Nasza Loteria SR - pasek na kartach artykułów

Powolna egzekucja Platiniego, czyli bezwzględna walka o władzę w FIFA

Remigiusz Poltorak
Remigiusz Poltorak
Futbol i polityka. Zawieszony Platini stracił praktycznie szanse na udział w wyborach szefa FIFA. Z kolei Blatter, też zawieszony, ma dość siły, by dalej marzyć o powrocie do władzy. Nikt jednak nie wie, co wyłoni się z tego wielkiego chaosu, w którym znalazła się światowa federacja piłkarska

Plan został utkany misternie, ale właśnie dzięki temu zdradza, jak makiaweliczne stosunki panują w Międzynarodowej Federacji Piłkarskiej. Miało być tak: Sepp Blatter, wieloletni szef organizacji chciał najpierw zablokować wszystkich kandydatów, którzy mieli mniejsze szanse na schedę po nim - uniemożliwiając im poprzez swoje wpływy zdobycie koniecznych rekomendacji z pięciu krajowych federacji - a potem wbić nóż w plecy największemu faworytowi Michelowi Platiniemu. W jaki sposób?

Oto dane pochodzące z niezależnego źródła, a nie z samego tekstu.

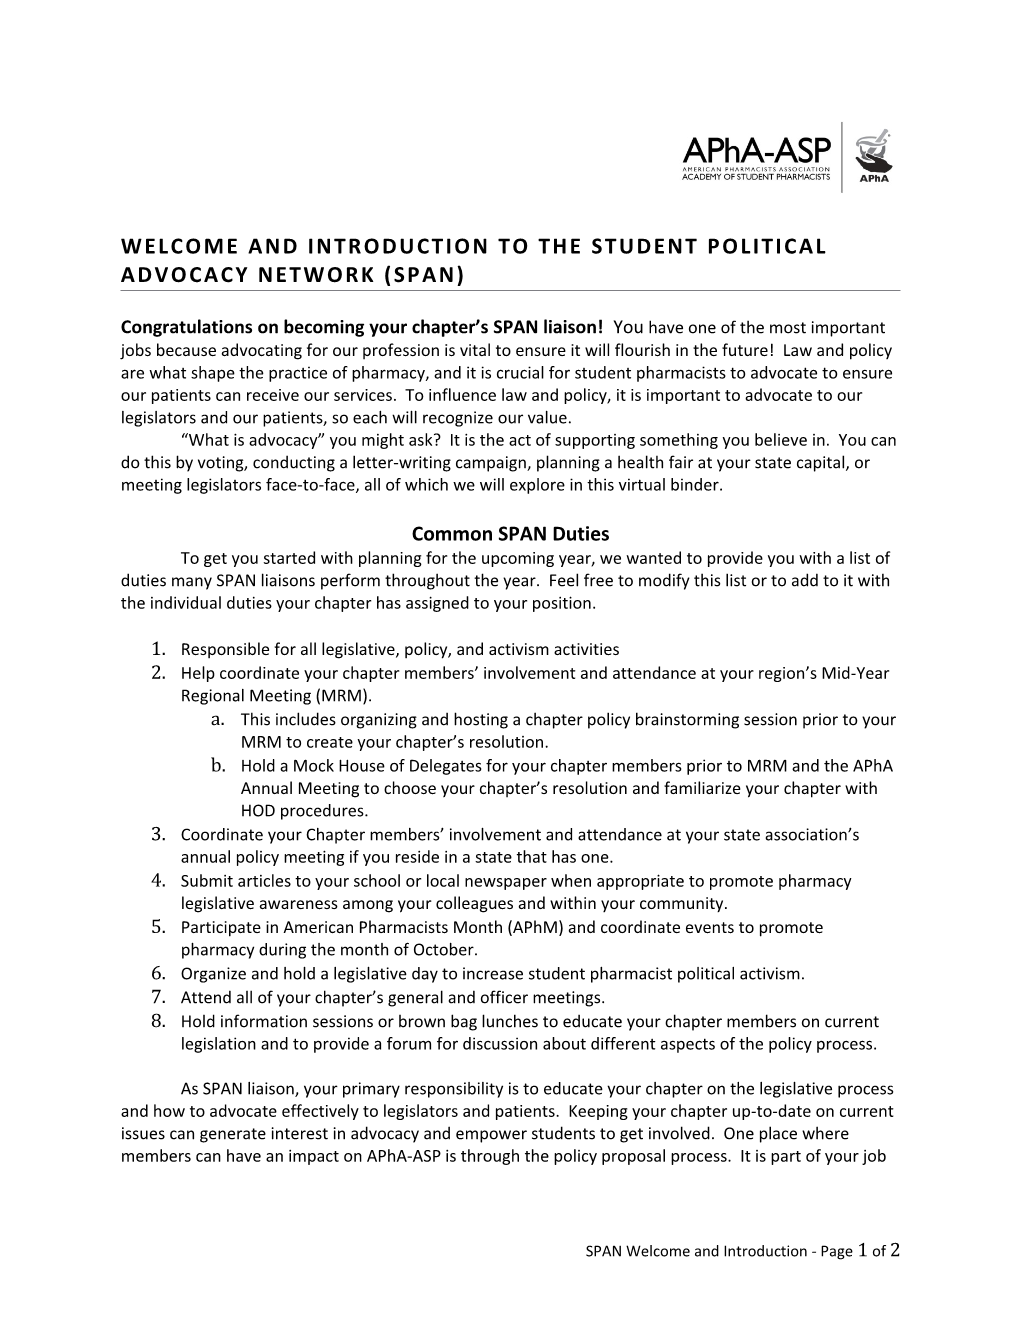 Welcome and Introduction to the Student Political Advocacy Network (Span)

Dzięki kontrolowanym przeciekom niewygodnych informacji i swoim ludziom w fifowskiej Komisji Etyki, która de facto dopuszcza kandydatów do lutowego głosowania. Francuz, szef Europejskiej Konfederacji Piłkarskiej, stałby się wtedy „niewybieralny”.

Taka jest wersja Christiana Constantina, prezesa szwajcarskiego Sionu, ale przede wszystkim bliskiego znajomego Blattera i wielokrotnego gościa w jego gabinecie. Szczególnie w ostatnich miesiącach. - To koniec władzy Seppa, ale do niego to jeszcze nie dotarło. On ciągle myśli, że wróci do władzy, jako jedyny sprawiedliwy w __tym wielkim chaosie - mówił Constantin w wywiadzie dla dziennika „L’Equipe”.

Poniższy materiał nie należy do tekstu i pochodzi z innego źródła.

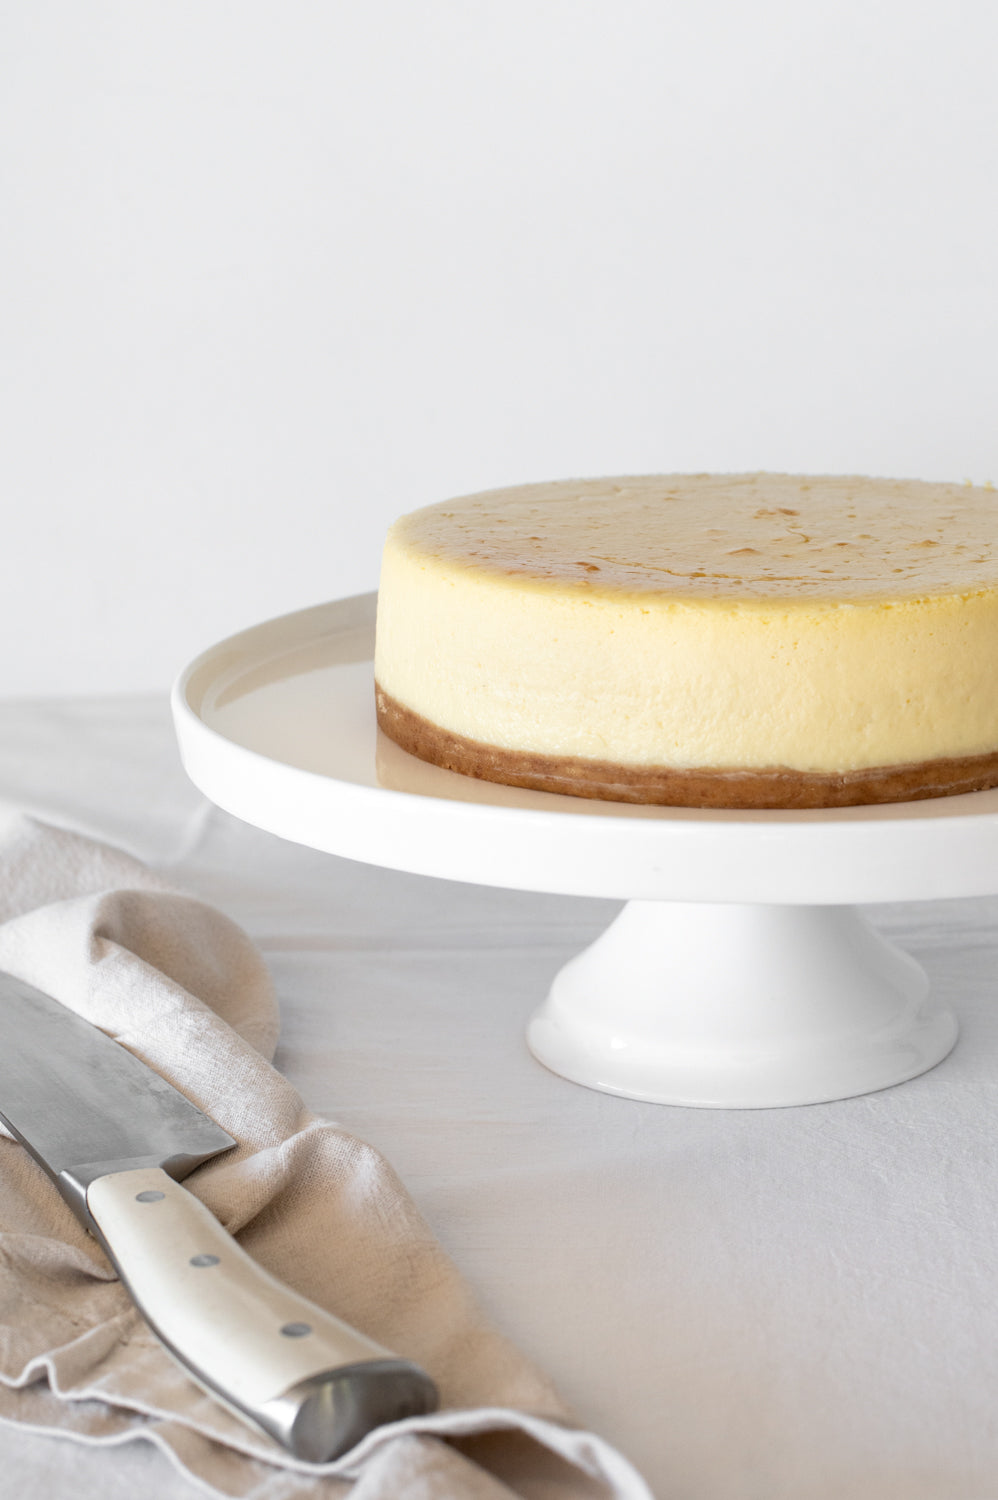 Plain Baked Cheesecake on a cake stand

Można wierzyć lub nie, ale trudno uznać rewelacje Szwajcara za całkowicie nieprawdopodobne. A jeśli tak, to by tylko potwierdzało, że Blatter nadal posiada dostateczną władzę, aby pociągać za sznurki. Co więcej, zrobi wszystko, żeby pociągnąć Platiniego na dno.

W zasadzie on już to zrobił.

Miesiąc, który zmienił wszystko
Jeszcze miesiąc temu wszystko wydawało się takie proste.

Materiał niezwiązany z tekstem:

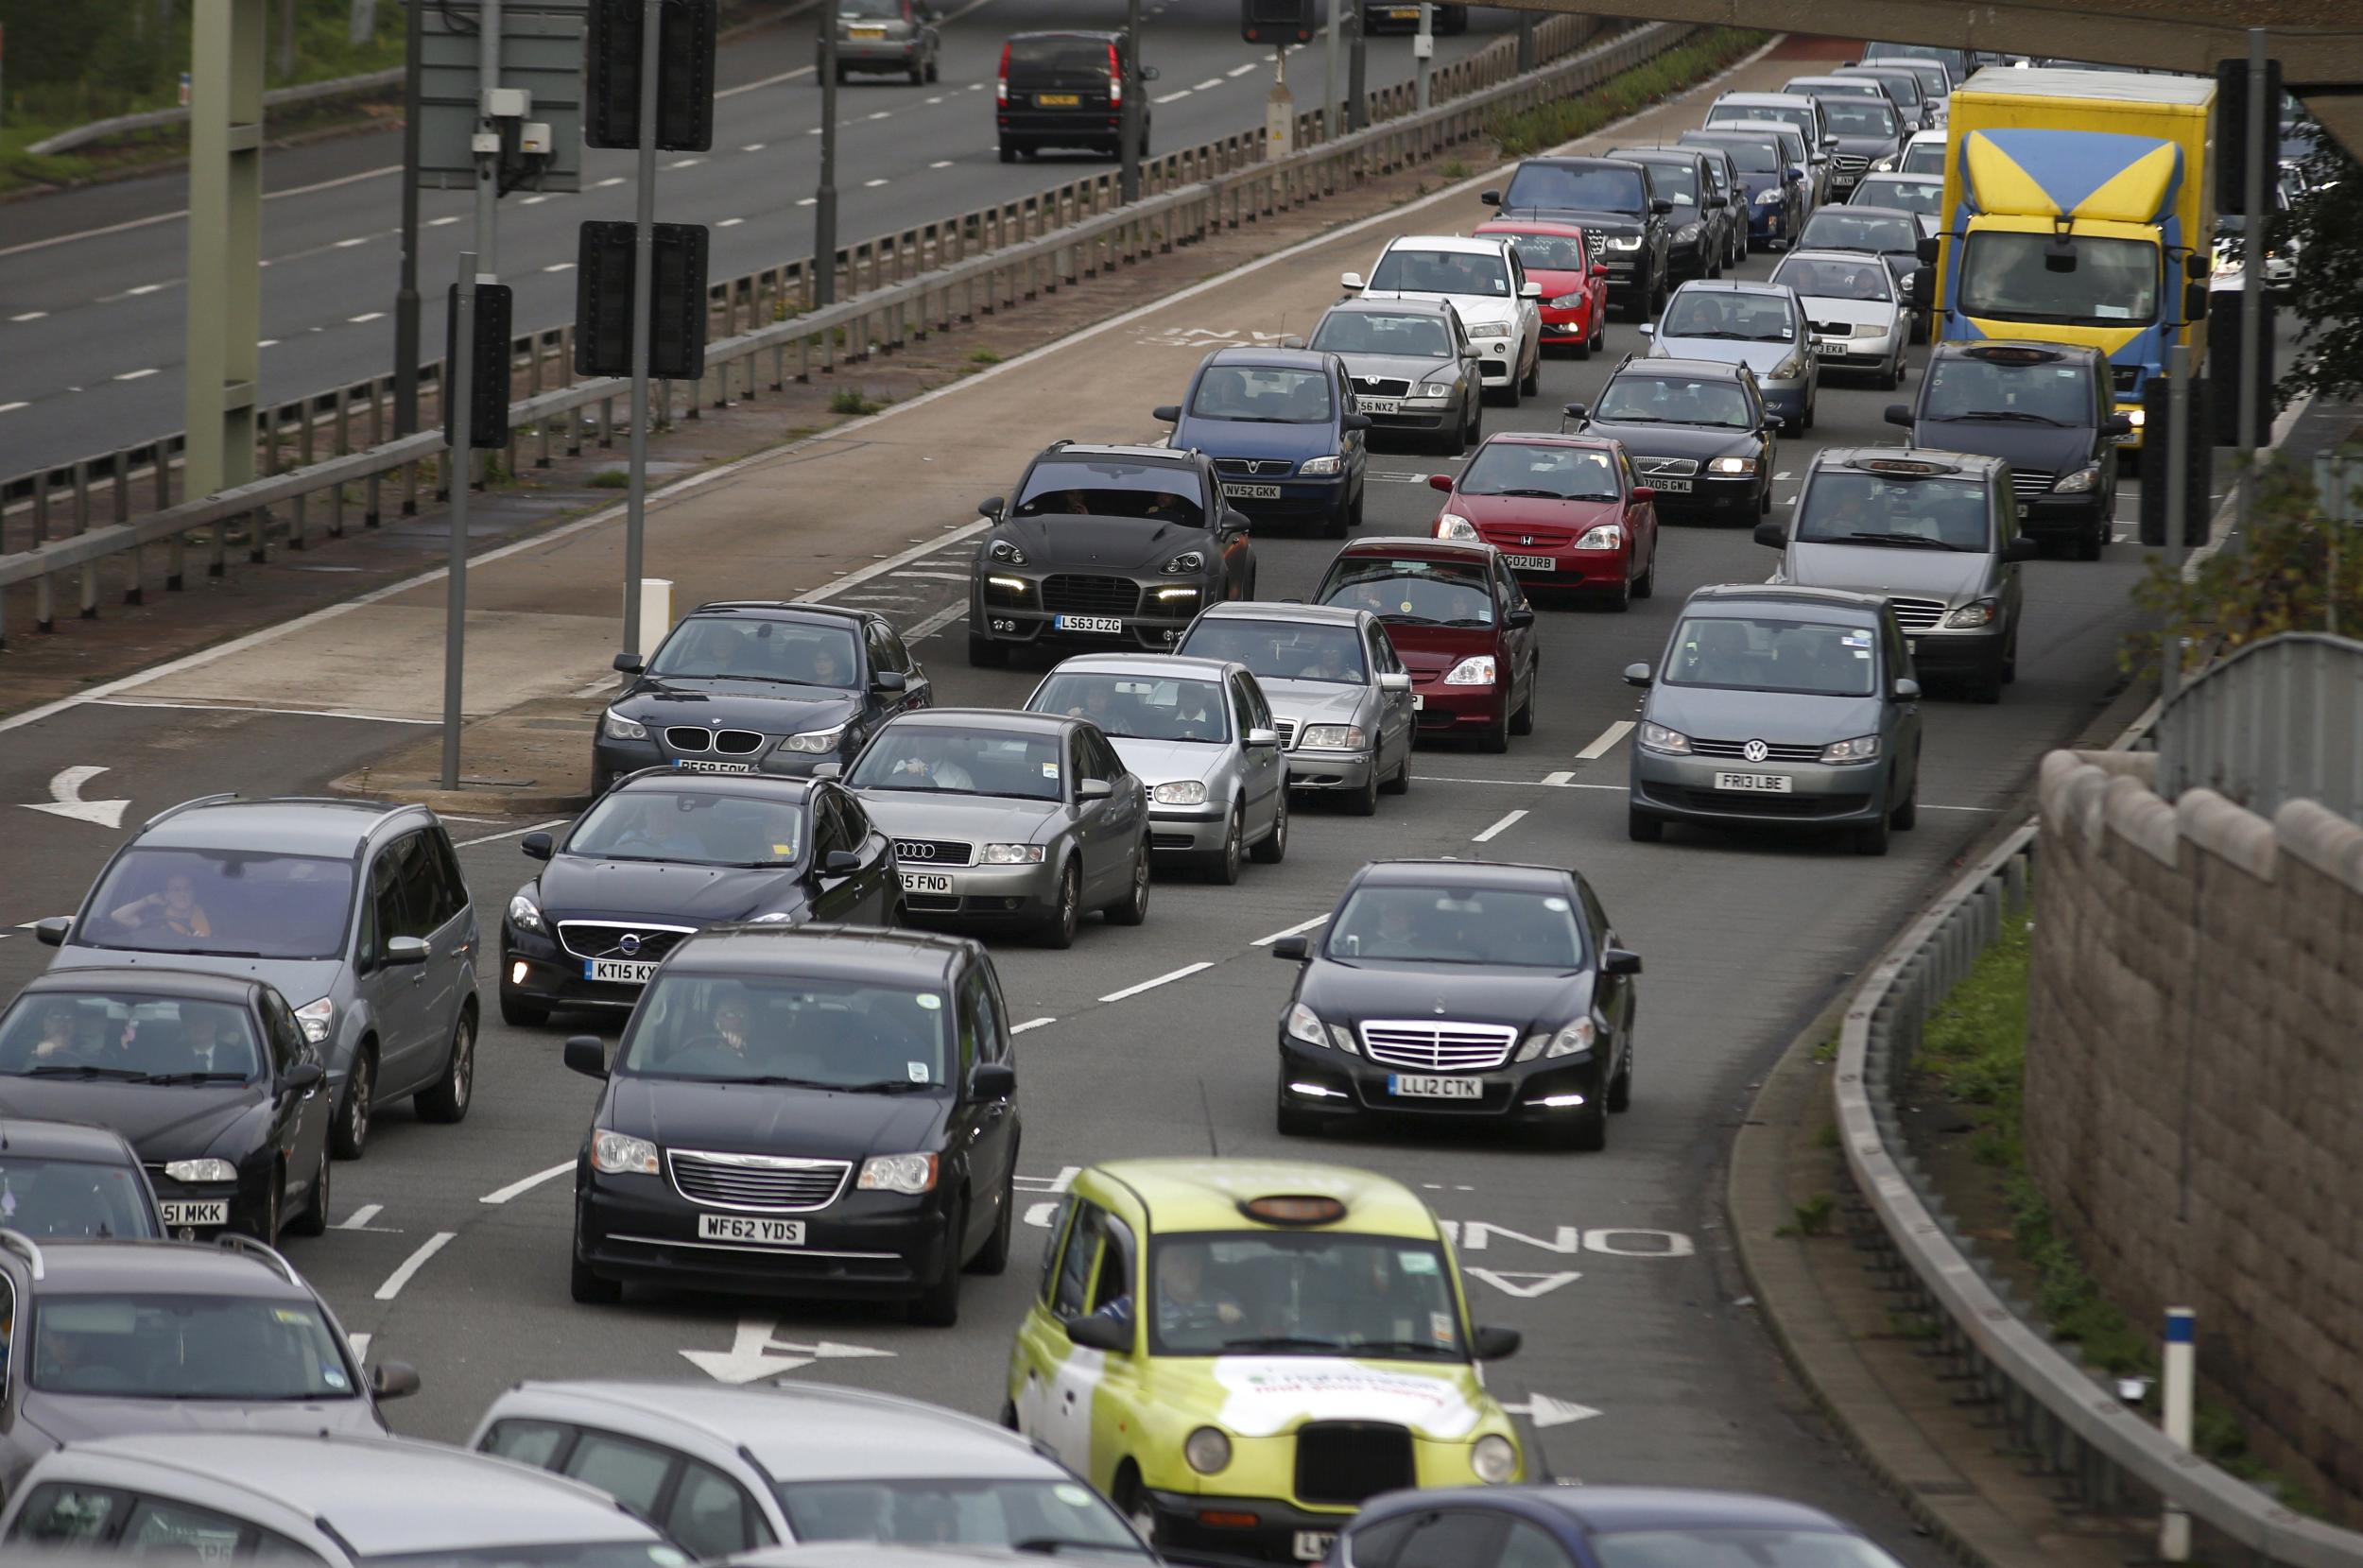 Traffic is a growing problem in cities worldwide

Do walki o przywództwo nad światowym futbolem chciałoby zapewne stanąć wielu pretendentów, ale i tak faworyt był jeden. Platini - któremu można było zarzucić „tylko” wieloletni udział w fifowskim, mało transparentnym systemie - cieszył się niekwestionowanym autorytetem w europejskiej federacji, a nieoficjalnie także kilku innych konfederacji. Jego otoczenie zapewniało obrazowo, że poparcie jest na tyle szerokie, iż Francuz dojedzie do siedziby w FIFA niemal pustą autostradą.

Wtedy nastąpił cios. Błaha z pozoru - biorąc pod uwagę mętne standardy w piłkarskiej centrali - sprawa przelewu 2 mln franków na konto Platiniego za pracę u boku Blattera pociągnęła lawinę, która nie wiadomo gdzie się zatrzyma.

Francuz, najwyraźniej lekceważąc znaczenie tego ciosu, nie był w stanie jasno wytłumaczyć, dlaczego otrzymał pieniądze dopiero dziewięć lat po zakończeniu pracy i dlaczego kooperacja z Blatterem nie miała żadnej formy pisemnej. Tłumaczył za to mało przekonująco, że w Szwajcarii zwyczaje są inne; że ustne ustalenia ważą tyle samo co pisemne. Przede wszystkim jednak Platini nie zdołał uniknąć podejrzeń, dlaczego zaległe pieniądze dostał od Blattera niedługo przed wyborami prezydenta FIFA w 2011 roku, w których całkowitym zbiegiem okoliczności Szwajcar nie miał żadnego rywala, choć o poparcie Francuza (w domyśle całej UEFA) starał się Katarczyk Bin Hammam, ostatecznie zmarginalizowany, a nawet dożywotnio wykluczony.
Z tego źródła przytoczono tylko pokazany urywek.